Carlos admitió para sí que su propuesta de viaje tuvo el carácter de apresurada e inoportuna. Carmen no se había negado, sólo había desplazado la respuesta hacia un rincón neutro del cual él no sabía cómo extraerla de nuevo ni para qué: si para retractarse, para replantear su oferta o para desecharla; pero, con respecto a esto último, la verdad era que Carmen tampoco había dicho que no. Carlos comprendió que temía demasiado perderla y eso le hizo sentirse débil; porque ella había conseguido neutralizar la propuesta sin desdeñarla, le había colocado fuera de sitio. No sabía si irritarse y dar un portazo o, lo que peor le sonaba, mantenerse a la espera. Habían terminado de comer y ahora veía al maître, ya con su chaqueta de trabajo puesta, dar las últimas órdenes antes de disponerse a recibir a los primeros clientes. La verdad es que era aún muy pronto, pero ella dijo que tenía hambre, consiguió que la abrieran y los atendiesen y luego se había librado con habilidad del acoso de Carlos.

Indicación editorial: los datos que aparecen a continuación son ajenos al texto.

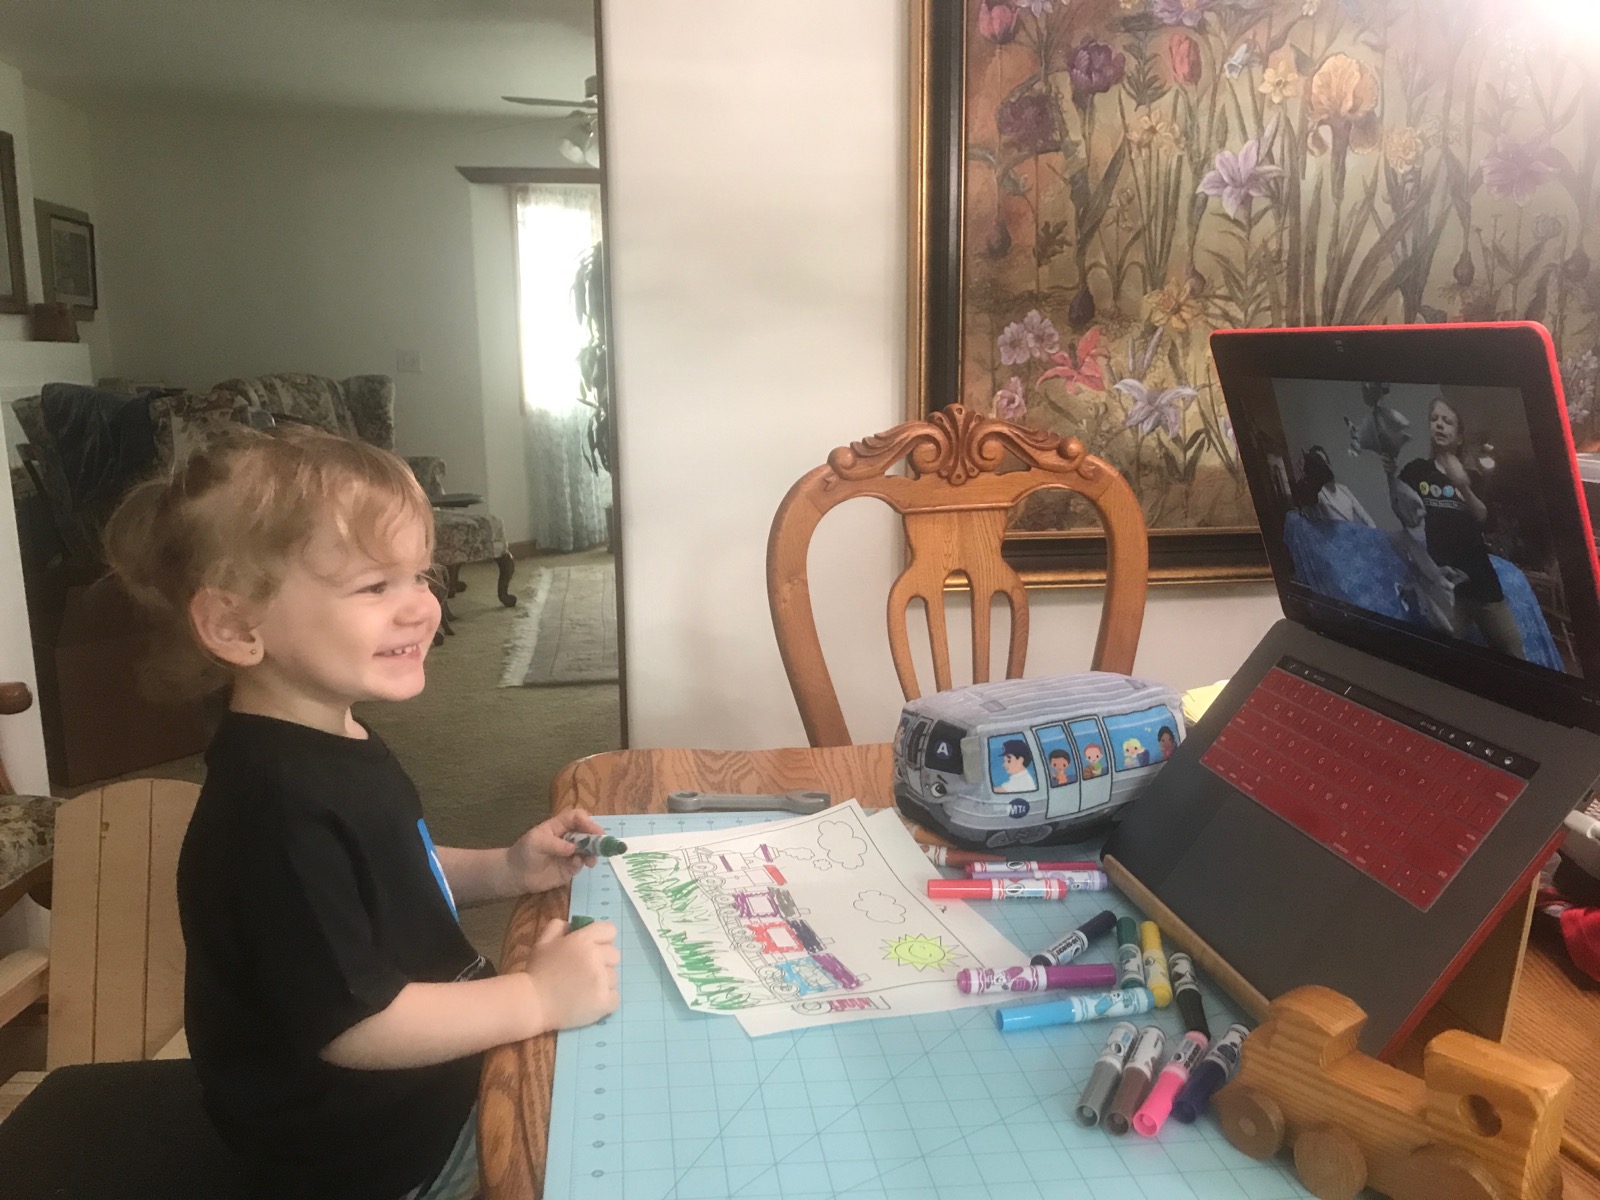 Child makes art at a table at home and smiles at a Museum educator on a computer screen.
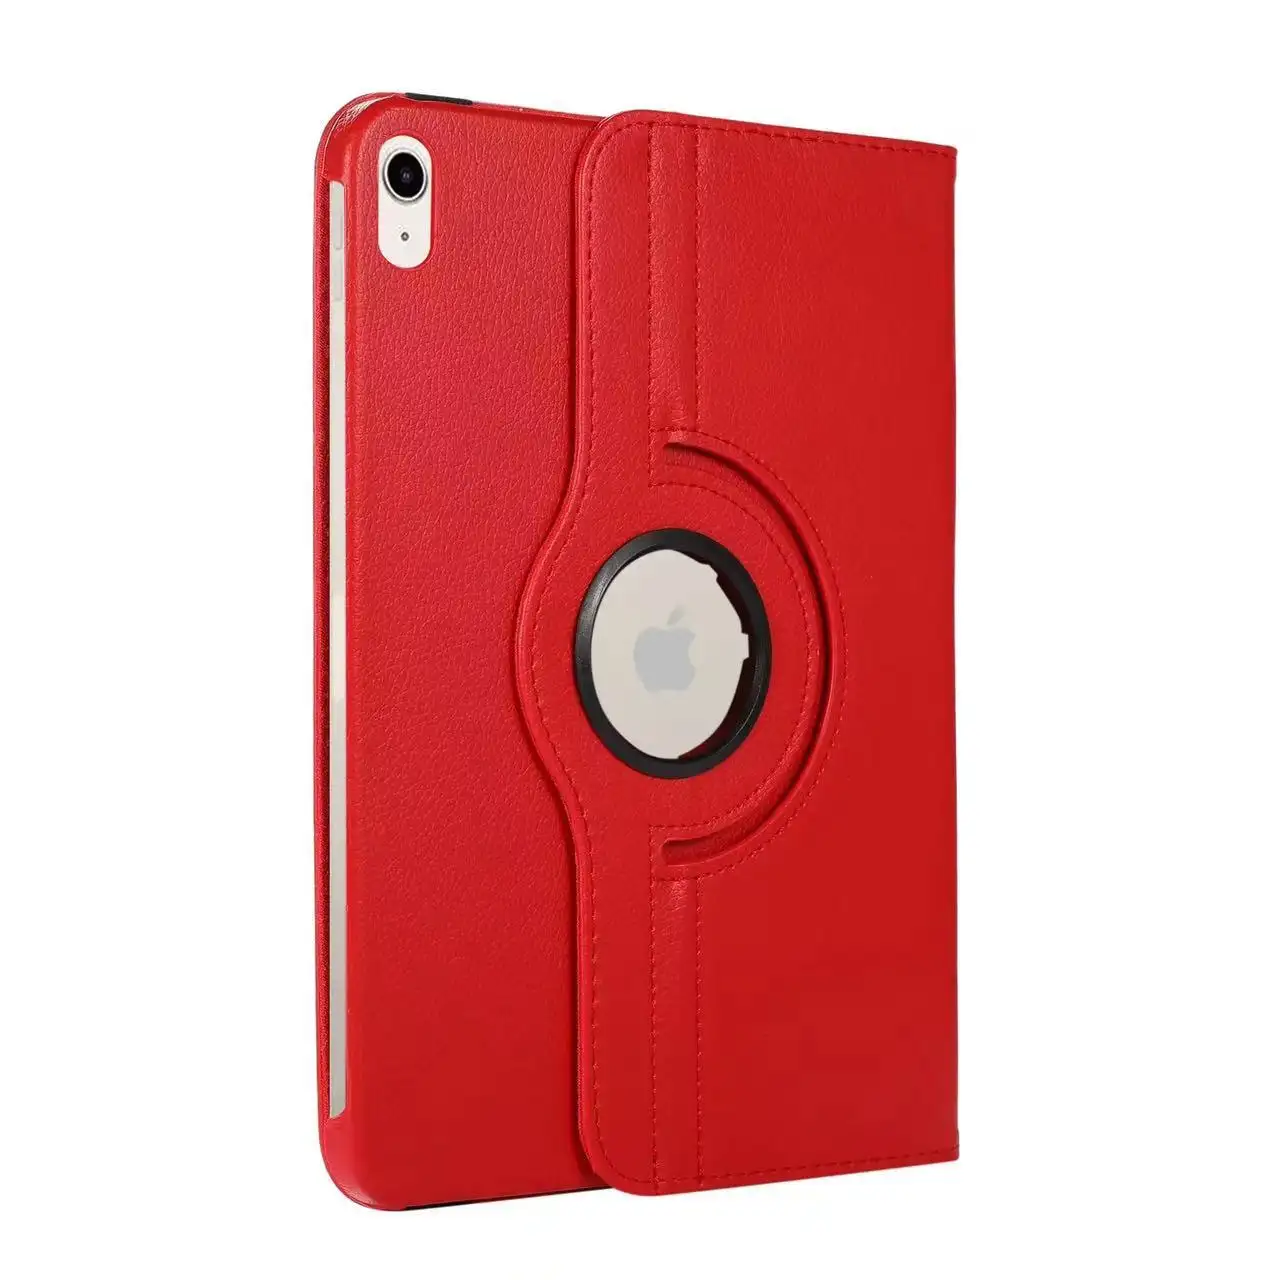 New model 10.9 inch 360 Degree Rotatable Swivel smart Flip Stand PU Leather material Tablet cover Case For iPad 10

Estaba en sus manos. Dios mío, pensó, ¿cómo lo hace? Pero le producía una secreta admiración.

—Y ahora —dijo ella—, ¿cuál es el plan?

Carlos sonrió porque, preocupado y todo, decidió recobrar el sentido del humor que aún estaba de su parte. Así que tomó a Carmen de la mano, la alzó de la silla con un leve ademán y señaló el coche con los ojos:

—A la iglesia —dijo—. Pasamos por la iglesia.